Я прислушался к разговору и догадался, о ком это так сердечно говорит моя бабушка: о некоей бибиоту́н, которая обучает девочек грамоте, а также умеет сочинять стихи в память покойного. Вот к ней, оказывается, и ходила бабушка. Оттуда и листочек со стихами на смерть моего отца.

— Прочитай, биби́, вслух прочитай! — попросила бабушка подругу.

Бибиойшу не пришлось долго упрашивать. Она слыла в городе сладкоречивой чтицей; женщинам всегда нравилось ее слушать. Тетушка расправила листочек, глянула на дверь — не помешает ли кто. Выпрямилась, сделала скорбное лицо, качнула головой вправо-влево и начала читать стихи плачущим голосом, нараспев:

Цветик алый — красу сада райского — потеряла я, Сына юного, кровинку мою, потеряла я, Нерасцветший бутон потеряла я, Души отраду, опору свою потеряла я… Мой жемчуг бесценный, мирза [16] Амонджан, мой сынок!

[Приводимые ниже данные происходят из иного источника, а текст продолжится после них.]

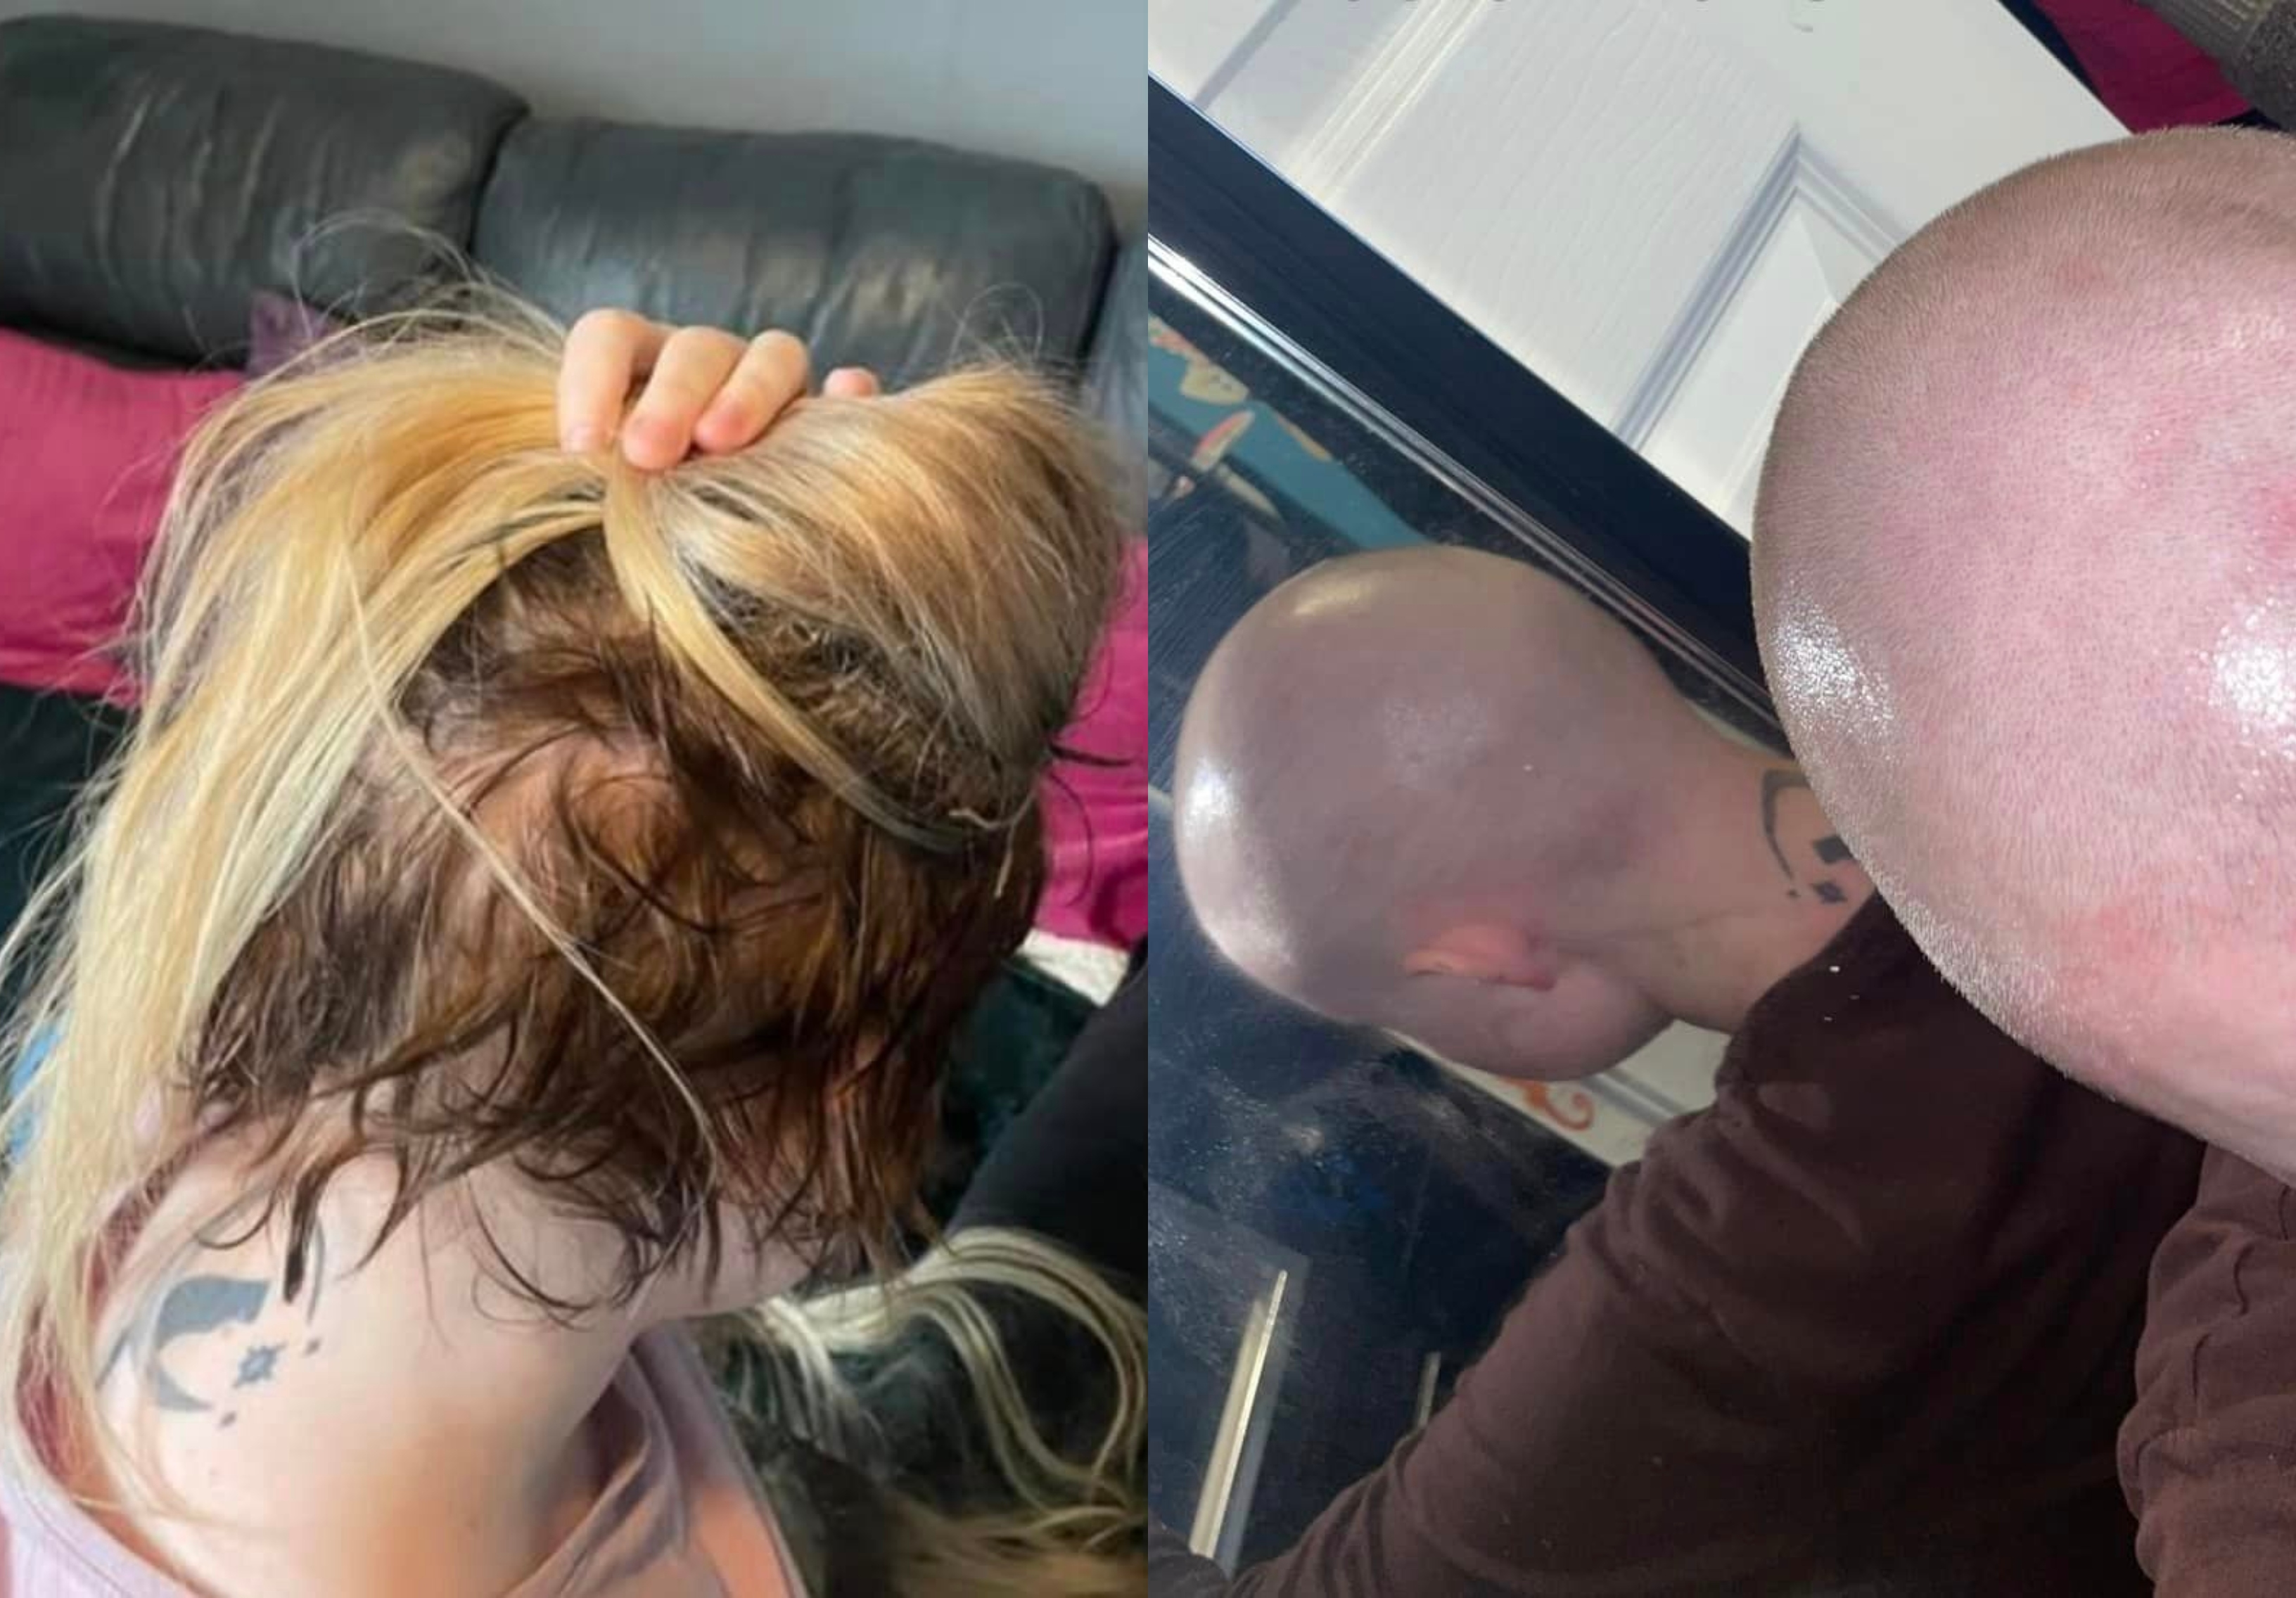 Γυναίκα αναγκάστηκε να ξυρίσει το κεφάλι της λόγω extensions - «Αιμορραγούσα και έβγαζα φουσκάλες»
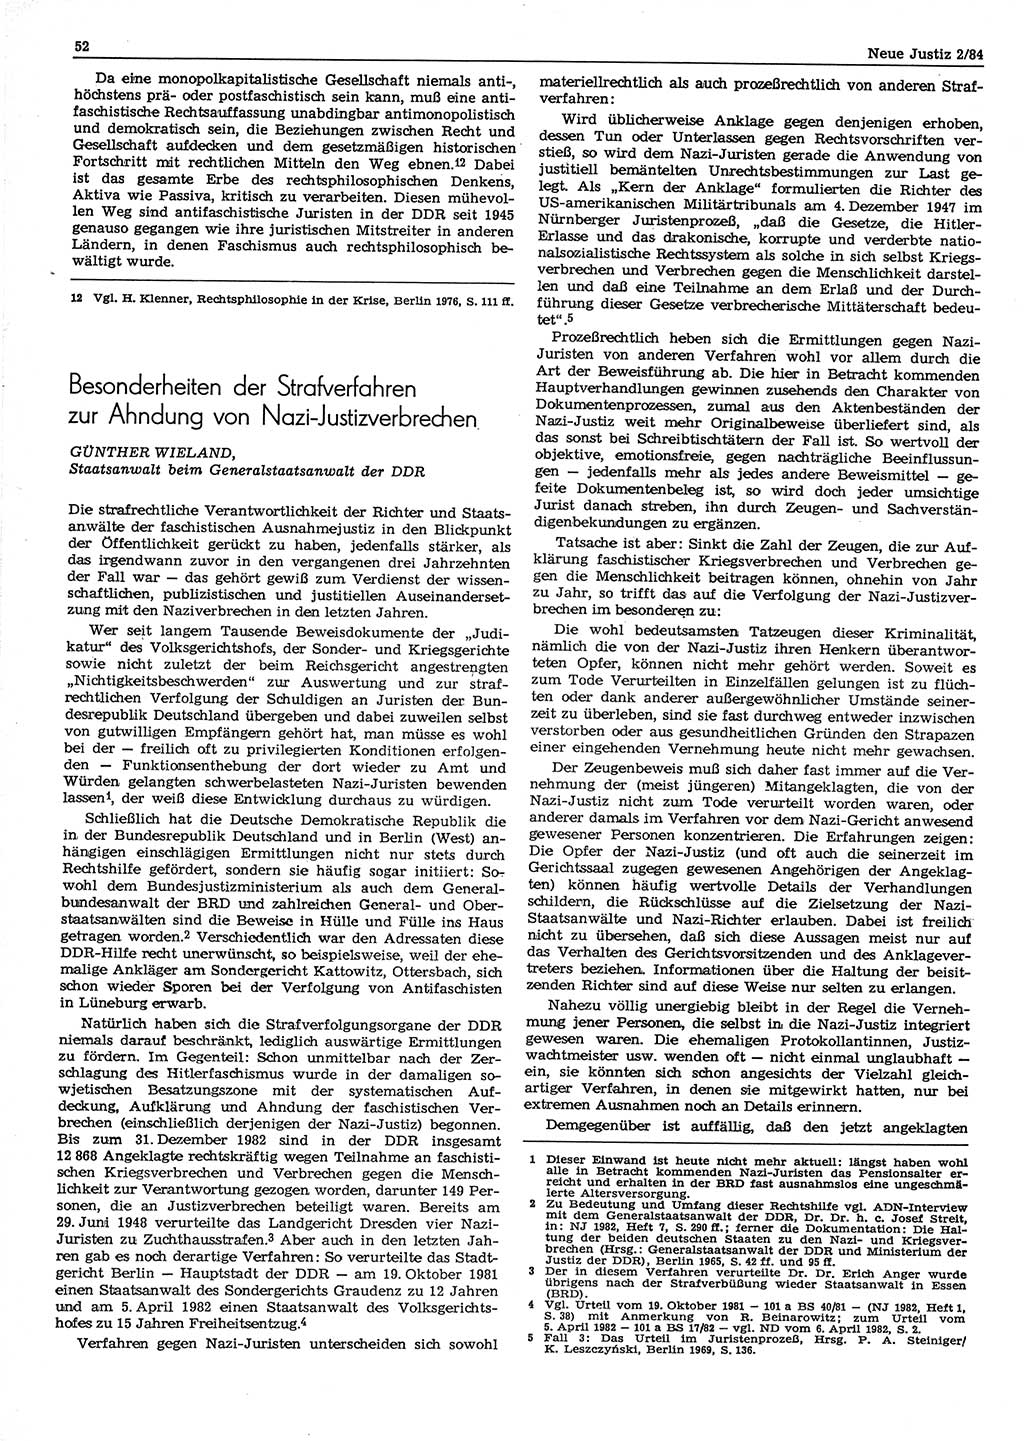 Neue Justiz (NJ), Zeitschrift für sozialistisches Recht und Gesetzlichkeit [Deutsche Demokratische Republik (DDR)], 38. Jahrgang 1984, Seite 52 (NJ DDR 1984, S. 52)

Бибиойша на миг приостановилась, поглядела на бабушку и осталась очень довольной, что подруга всхлипывает все сильнее, утирая глаза кончиком платка.

Горю в тоске по тебе, свет очей, дитя мое! Кипарис мой нежный, нет тебя стройней, дитя мое! Сотни ран оставил ты в душе моей, дитя мое! Больше нет тебя среди друзей твоих, дитя мое, Мой красавец, герой, богатырь, великан, мой сын!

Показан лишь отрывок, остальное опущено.